However, there is a difference between "should work correctly" and "will work correctly".
Kaled.
If your server is using user agent delivery, then by spoofing you will get the googlebot version of the code from the server. But you will still be seeing Firefox's programming in the way that code is actually executed. Only googlebot has googlebot's programming.
<added>
I see kaled beat me - but we used different language so I'll let my post stand.
So any page in the root would have:
<base href="http://www.domain.com/">
and any page in a subdirectory would have:
<base href="http://www.domain.com/subdirectory/">
... not:
<base href="http://www.domain.com/page.htm">
<base href="http://www.domain.com/subdirectory/page.htm">
Does this seem correct? Because a relative link to:
<a href="subdirectory/page2.htm">page 2</a> or <a href="page2.htm">page 2</a> (from ht*p://www.domain.com/subdirectory/page1.htm)
should be resolved from:
ht*p://www.domain.com/subdirectory/
[edited by: Patrick_Taylor at 9:49 pm (utc) on Dec. 19, 2006]

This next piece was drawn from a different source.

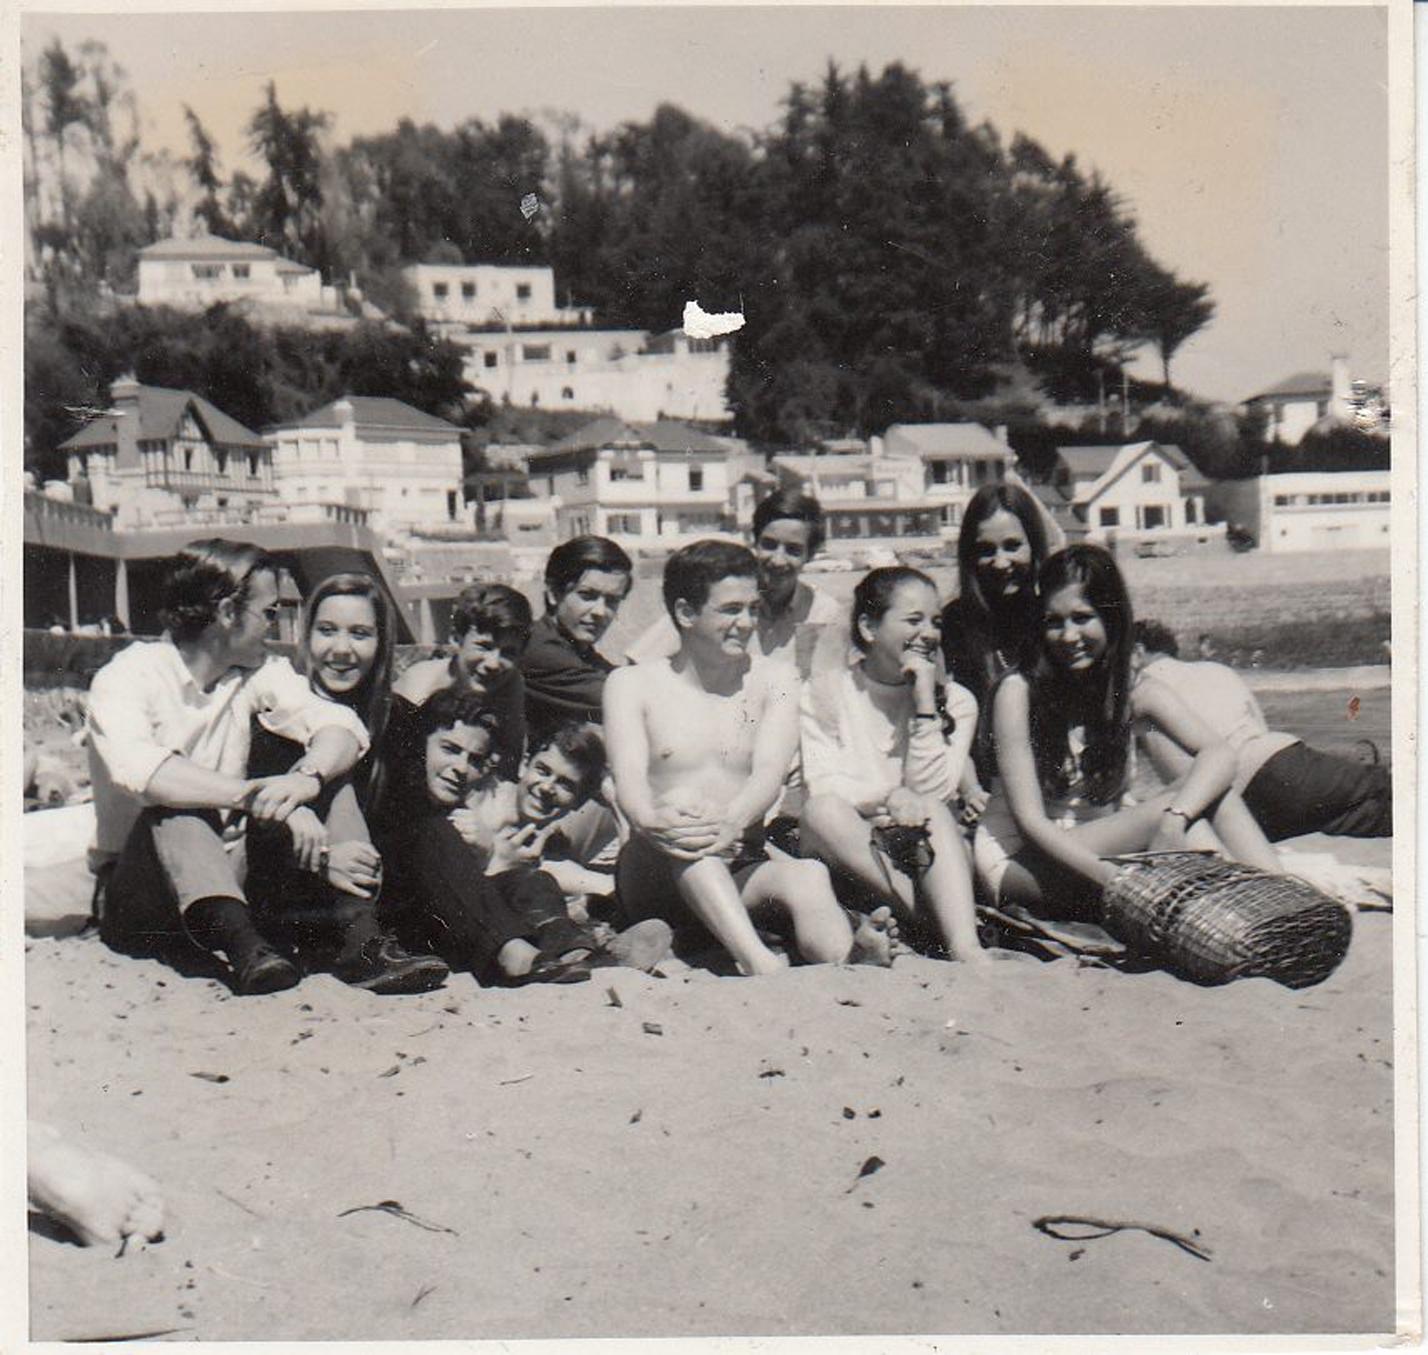 Enterreno - Fotos históricas de chile - fotos antiguas de Chile - Grupo de jóvenes veraneantes en la Playa Amarilla de Concón

As I said above, the best method is to always include the index.html part - this leaves no room for ambiguity.
Unless you're concerned about page-hijacking, there is usually no point using a <base> tag.
Kaled.
I had (and still have) similar problems grasping NULL and NOT NULL in the context of MySQL, but that's another subject.
Kaled.
a search engine crawler behaves differently to a normal browser
That's a critical insight that many webmaster's don't get, Patrick. Certainly spiders want to detect what's happening to human visitors, but the first and biggest difference of all is this -- spiders don't need a visual representation of a page. So from the ground up, they can be coded quite differently.
Since even two different visual browsers can behave differently, and they are trying to do the exact same thing, we cannot afford to assume anything about search engine bots. Not only that, but I'll bet that spiders get code updates a lot more frequently than at least some of our visual browsers.
Hence our reliance on standards makes the most sense. That's the glue that can hold this whole new-fangled web thing together.